2. Clarity with the judgment of the Supreme Court of 26 May 2023
2.1 First attempts of the Supreme Court
Already in 1980, the Supreme Court stated that the “destruction” of leased premises under Article 1722 (old) Civil Code does not only include “material destruction” but also “judicial destruction”.
In December 2022, the Supreme Court added some clarity in the discussion about the “destruction” of the lease agreement due to the governmental measures taken in the context of the COVID-19 pandemic. Moreover, the Court of Cassation stated that the reasoning applied by the Court of Appeal, i.e. “the landlord did not infringe on its obligation to grant a quiet enjoyment”, constitutes a violation of Article 1722 of the (old) Civil Code.
2.2 Judgment of 26 May 2023
With its judgment of 26 May 2023, the Supreme Court removed any doubt on the impact of the aforementioned governmental measures under Article 1722 (old) Civil Code.
According to the Supreme Court, Article 1722 (old) Civil Code assumes that the impairment of enjoyment of the leased property results from a permanent or temporary inability of the landlord to provide the tenant with the enjoyment promised under the lease agreement due to an accidental event or force majeure. This is the case when the accessibility to the general public of the leased premises is no longer possible in whole or in part as a result of governmental measures to combat the COVID-19 pandemic.

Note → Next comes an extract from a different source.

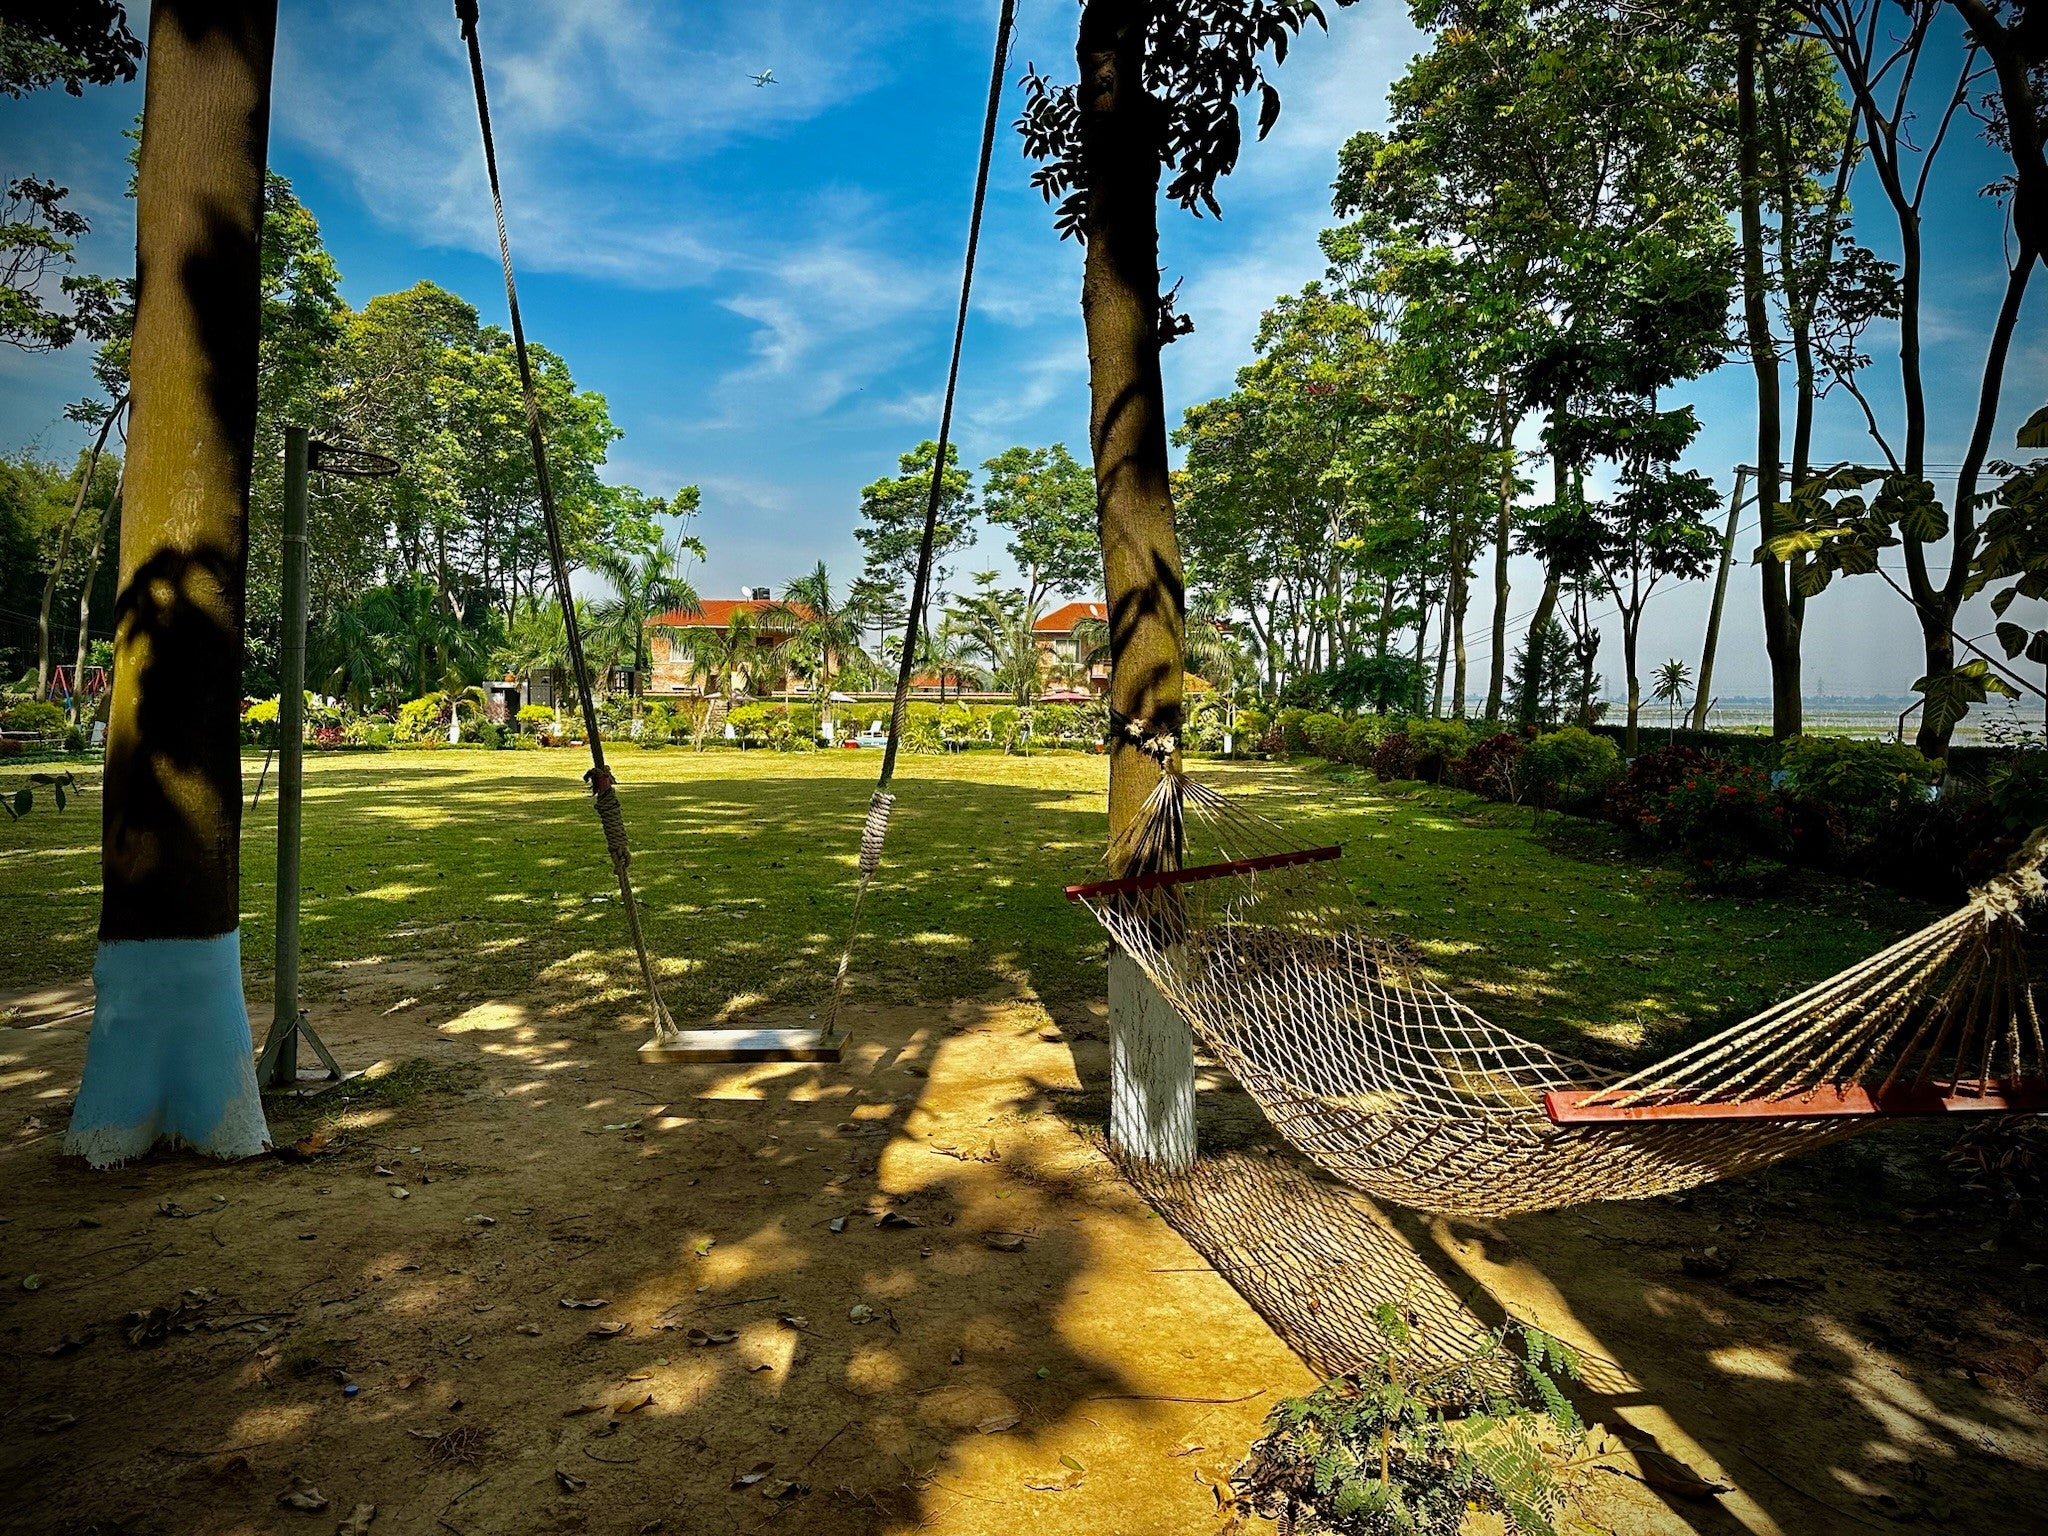 Relaxing hammock and swing set in the peaceful garden area of Barnochata, a resort and Dhaka hotel in Savar, inviting guests to unwind.

In its judgment of 23 May 2023, the Supreme Court states that force majeure, which prevents a party from fulfilling its obligations, suspends the performance of the obligations arising from a reciprocal contract if this prevention is only temporary and the contract can still be usefully performed after the agreed period. It follows that, when the impossibility, due to force majeure, for the landlord to provide the tenant with the “enjoyment” promised in the lease agreement is only temporary and the contract can still be usefully performed after the agreed period, the obligations arising from the lease are suspended and must be performed again when this impossibility ends.
Considering the above, the inability to continue operating the commercial business in the leased premises due to governmental measures taken to stop the spread of the COVID-19 pandemic, can no longer be qualified as “temporary loss of enjoyment” but should be qualified as “a temporary impossibility” as stated in Article 1722 (old) Civil Code.
3. Conclusion
The Supreme Court has brought further clarity in the analysis of Article 1722 (old) Civil Code regarding the qualification of the governmental measures taken in the context of COVID-19 as a “temporary destruction” of the lease agreement under this Article 1722 (old) Civil Code. Subsequently the suspension of obligations can be applied as it is a case of temporary force majeure.
A tenant can now use this judgement in relation to its claim for dismissal of the rent for the period of time that the commercial business was not publicly accessible due to the governmental measures taken in the context of the COVID-19 pandemic.
However the importance of this judgement is “relative”. First of all, it is to be noted that in more than 95% parties reached an amicable agreement with respect to the impact of the COVID-closures. Secondly, the question will be whether the tenant – after this cooling-off period – will reopen the discussion with its landlord to claim the rent paid for the lock-down period in 2020 or choose a peaceful continuation of its business and tackling the issue of a considerable indexation due to high inflation as of mid 2022. Lastly, also for the future, it is to be noted that Book 5 of the Civil Code entered into force on 1 January 2023 introducing the legal concept of hardship for new agreements (be it that parties are free to exclude application thereof).